An overview of caching in StarRocks, covering its basic concepts, how it works, and its role in improving system performance. - E-MapReduce

This topic describes the architecture of StarRocks' cache management and the applicable scenarios for each cache type, to help you select the right caching solution for your business needs.

Features

StarRocks provides multiple caching mechanisms that significantly improve query performance by caching hot data to the memory or disk of local BE and CN nodes. This reduces repeated access to remote storage, such as HDFS and object storage.

Cache types

Cache type	Use cases	Default state	Available since
shared-data Data Cache	Accelerates queries on internal tables in shared-data (serverless) instances.	Enabled by default	v3.1.7 / v3.2.3
data lake Data Cache	Accelerates queries on external tables from an External Catalog (such as Hive, Iceberg, and Hudi).	Enabled by default since v3.3.0	v2.5
Index Cache	Caches indexes for shared-data instances, ideal for scenarios where disk capacity is insufficient to cache the full dataset.	Enabled by default	v3.3.13

Note

Since v3.4.0, queries on internal tables in shared-data instances and queries on data lakes share the same Data Cache instance, eliminating the need for separate configurations.

Recommendations

Shared-data instance: Use the shared-data Data Cache.
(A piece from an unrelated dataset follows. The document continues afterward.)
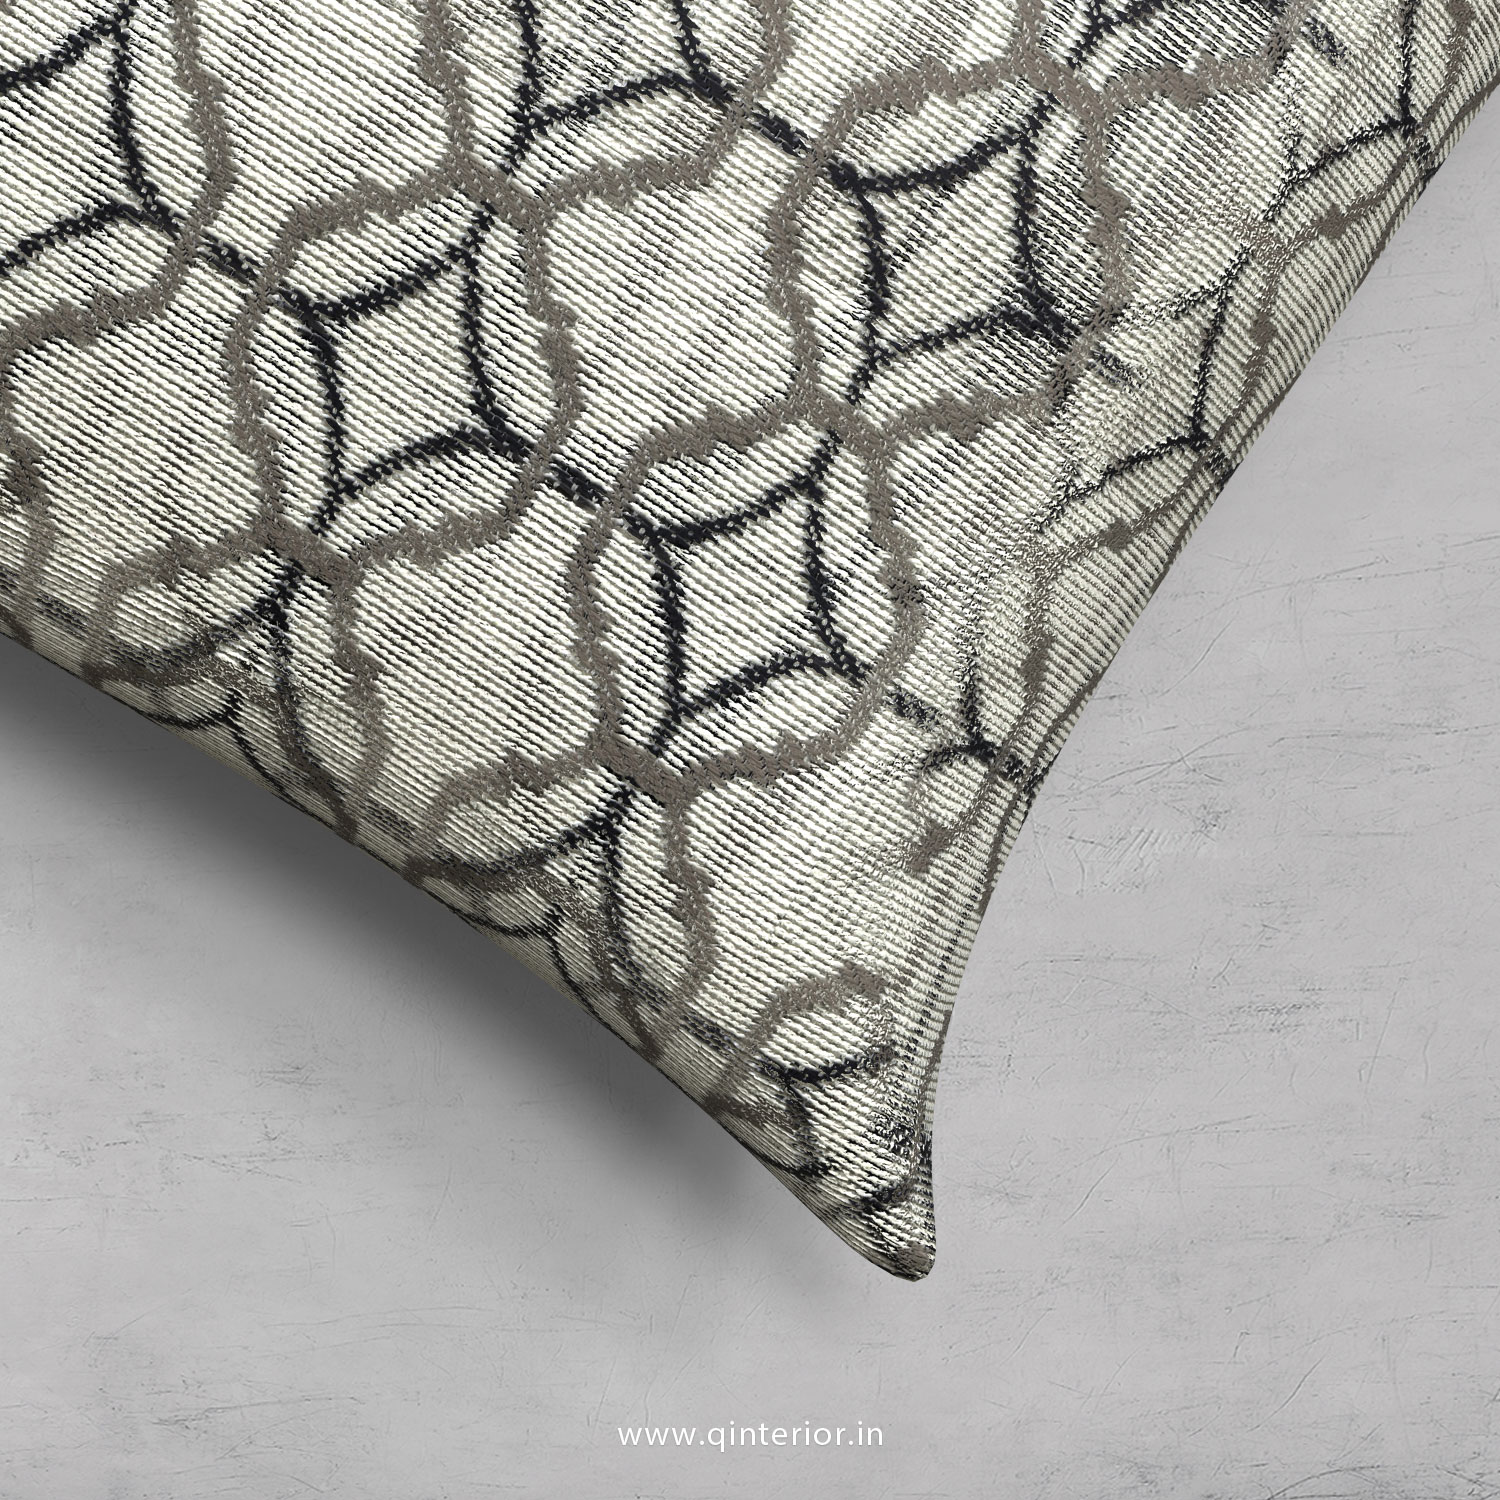 Grey Jaquard Cushion With Cushion Cover - CUS001 JQ

It automatically loads data on demand from remote storage to the local cache, requiring no extra configuration.
Data lake external tables: Use the data lake Data Cache. It supports caching remote files in formats like Parquet and ORC, making it ideal for scenarios that involve repeated scans of large tables, such as ad-hoc analytics and report queries.
Insufficient disk capacity for the full dataset: Enable the Index Cache. It caches only indexes, significantly improving query performance with low disk overhead.
Preloading hot data: Use Data Cache preheating (CACHE SELECT) to load specific data into the cache in advance, to avoid the performance impact of a cold start.